Aggredito in centro a Lanciano, 18enne ricoverato in gravi condizioni all’ospedale di Pescara

E’ ricoverato nell’ospedale di Pescara, dove è stato trasferito in mattina, un giovane di 18 anni che la notte scorsa è stato aggredito e malmenato nell’area dell’ex stazione della ferrovia Sangritana da un gruppo di minorenni. Il giovane, secondo quando si è potuto finora ricostruire, era in compagnia di altri due amici, tra cui una ragazza, quando all’improvviso il gruppetto li ha affrontati. Due del terzetto sono riusciti ad allontanarsi, mentre il 18enne è stato raggiunto da un pguno alla testa. Il ragazzo è rientrato in casa ma non si è sentito bene ed è stato chiesto l’intervento del 118. Dopo un primo controllo nel nosocomio di Lanciano, per la gravità delle lesioni, con ematoma alla testa, si è reso necessario l’immediato trasferimento al reparto di neurochirurgia di Pescara.
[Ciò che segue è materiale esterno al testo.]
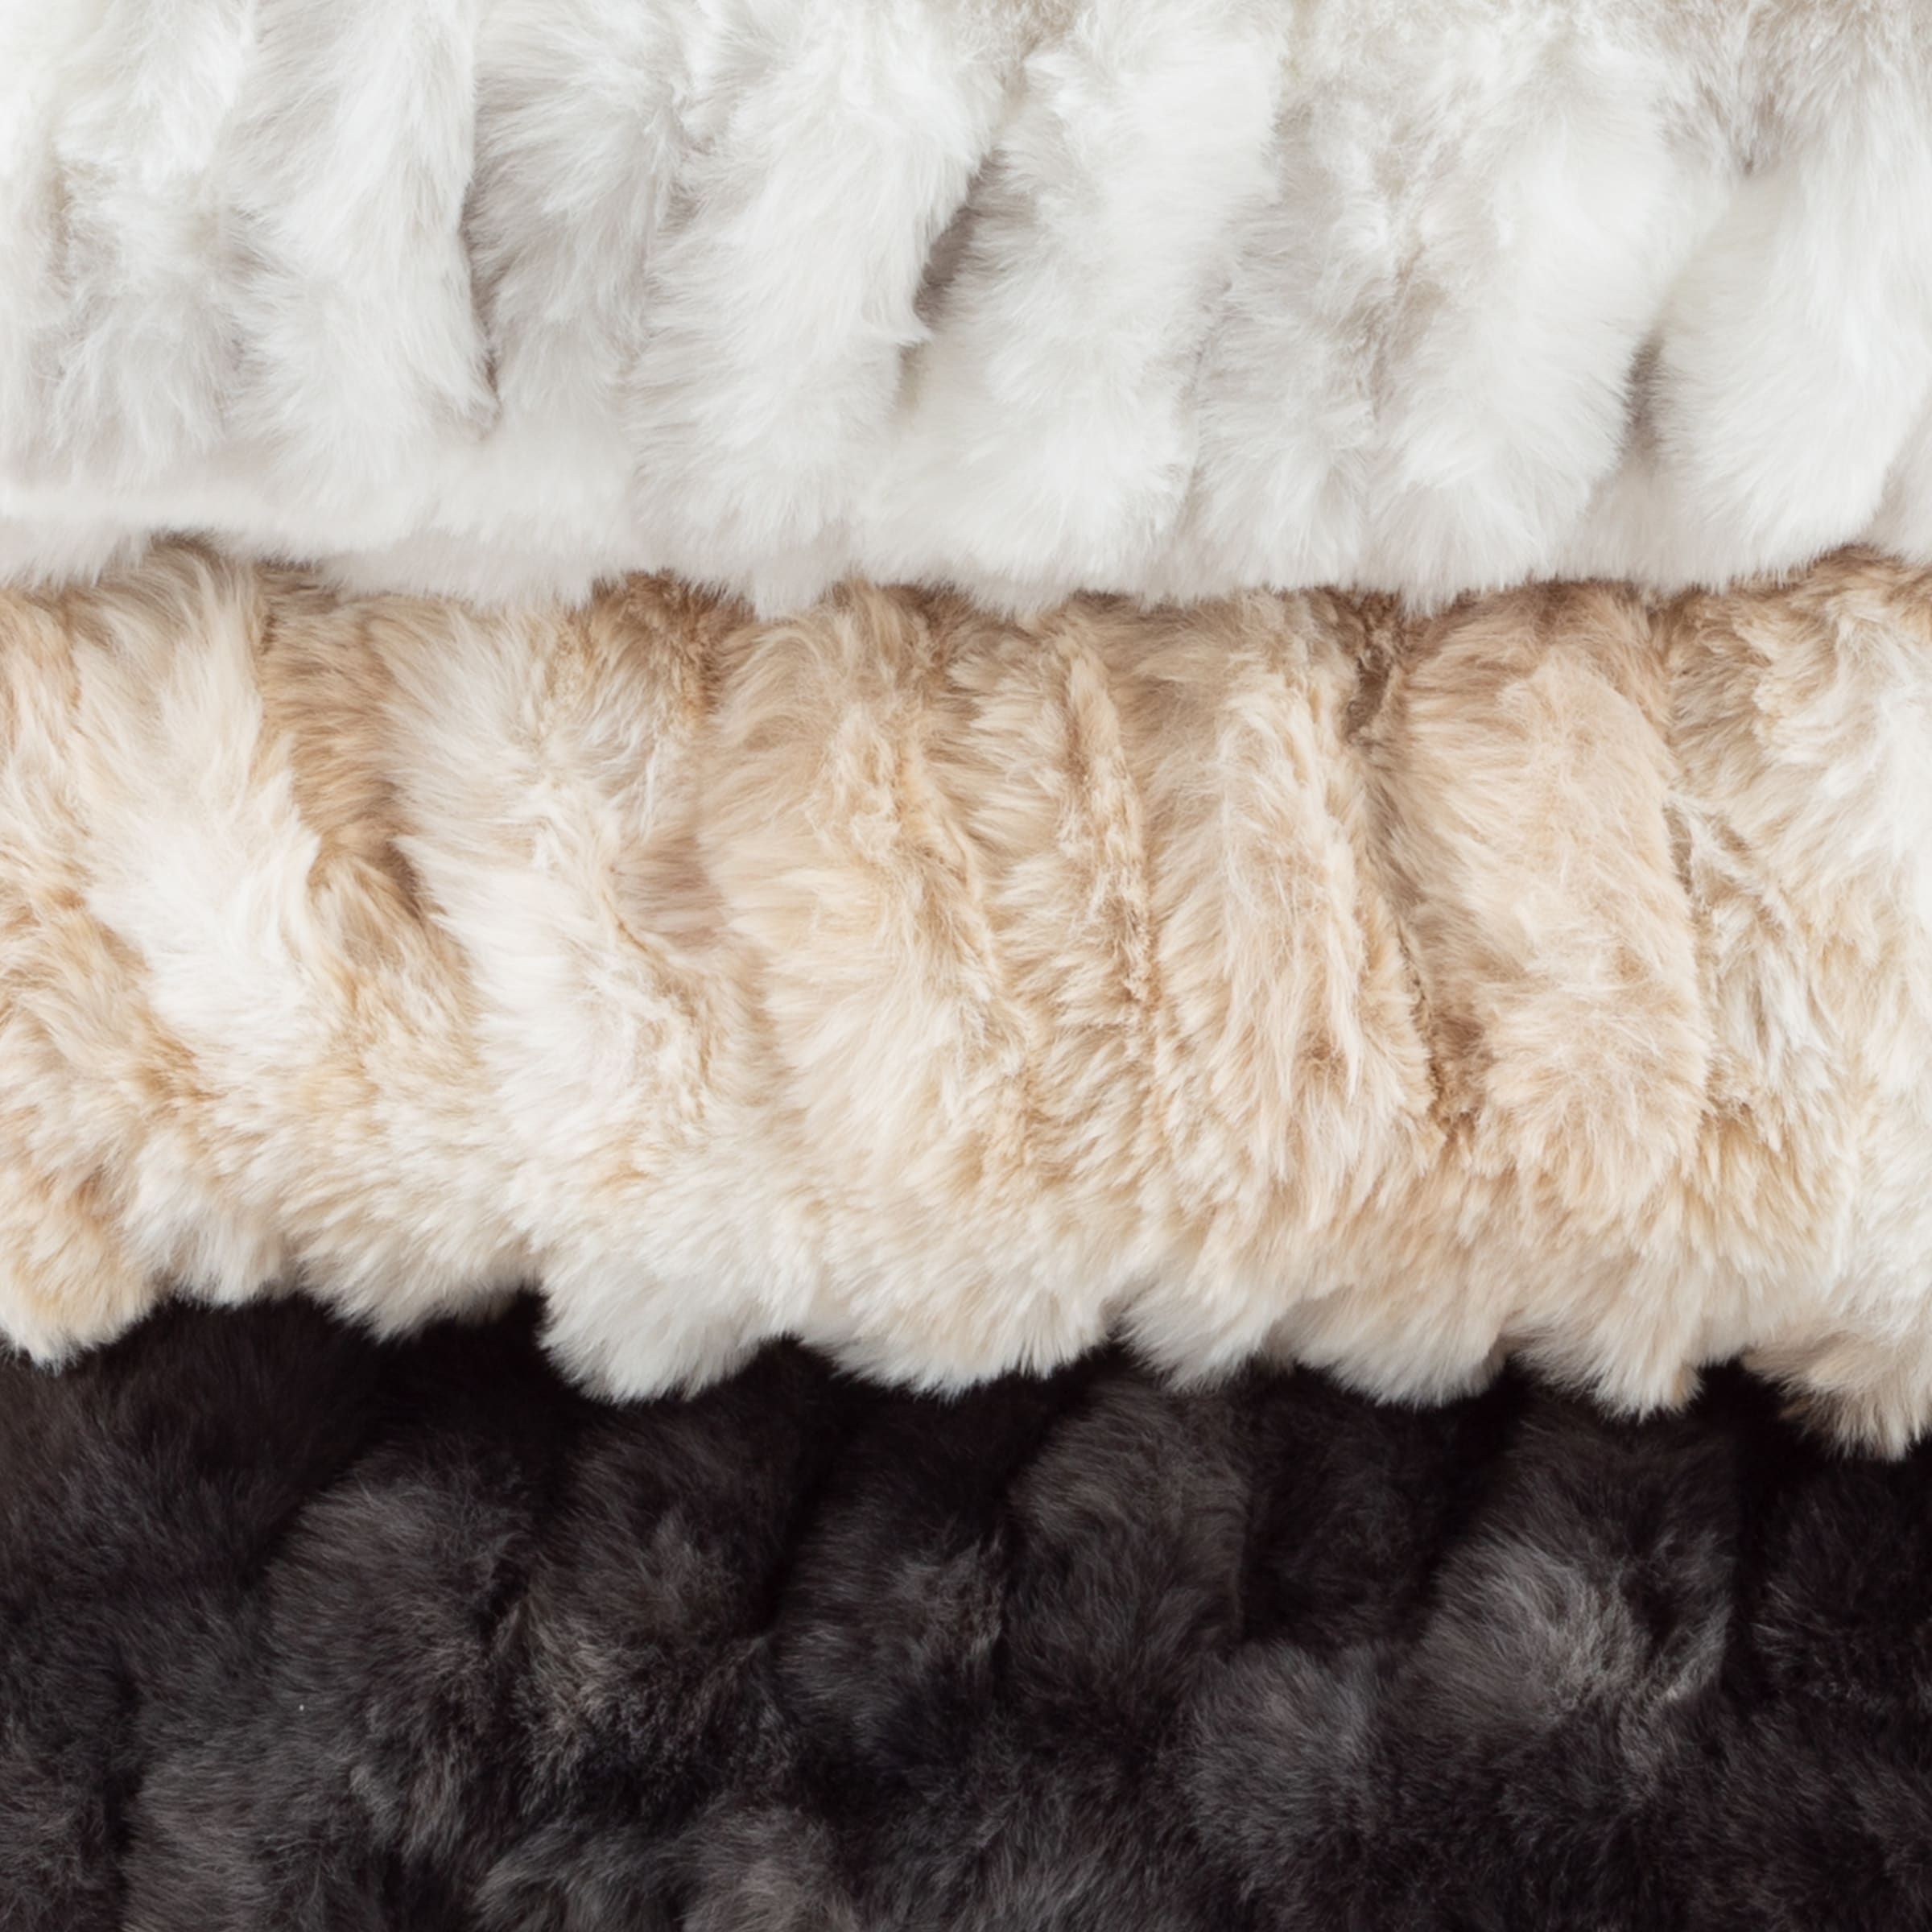 Oversized Ruched Faux Fur Blanket - 60x80-inch Jacquard Faux Fur Queen-size  Throw For Sofas And Beds - Luxurious Bedding By Lavish Home (black) : Target

Sull’accaduto stanno indagando i carabinieri, diretti dal maggiore Vincenzo Orlando, stanno ricostruendo le fasi della brutale aggressione. Sono stati ascoltati vari testi e visionate alcune telecamere della zona per poter identificare i componenti del gruppo di giovani aggressori.

“Il gravissimo episodio di violenza accaduto la scorsa notte a Lanciano ci lascia sgomenti e senza parole – dice il sindaco Mario Pupillo -. Un nostro giovane concittadino è ricoverato in Rianimazione a Pescara per le conseguenze di un’aggressione vile e incredibilmente violenta su cui le Forze dell’Ordine stanno indagando già da ieri notte per assicurare i responsabili alla giustizia in tempi rapidissimi. Siamo ovviamente vicini al nostro giovane concittadino vigliaccamente aggredito, alla sua famiglia, ai suoi amici e alla stragrande maggioranza dei giovani che ripudiano la violenza in ogni sua forma: ho dato mandato ai nostri legali di valutare la possibilità di costituire come parte civile il Comune di Lanciano, siamo colpiti anche noi come comunità e come città. La nostra comunità è sconvolta, sia per le modalità dell’aggressione che per le conseguenze gravissime subite dal giovane: si tratta di un episodio che purtroppo rimanda ad altri simili verificatisi di recente in Italia, un fatto che deve farci riflettere ed interrogare sulle ragioni per cui la violenza sembra farsi largo tra i nostri giovani, mettendo in pericolo la vita e la crescita serena dei nostri ragazzi, che rappresentano il presente e il futuro dell’Italia”.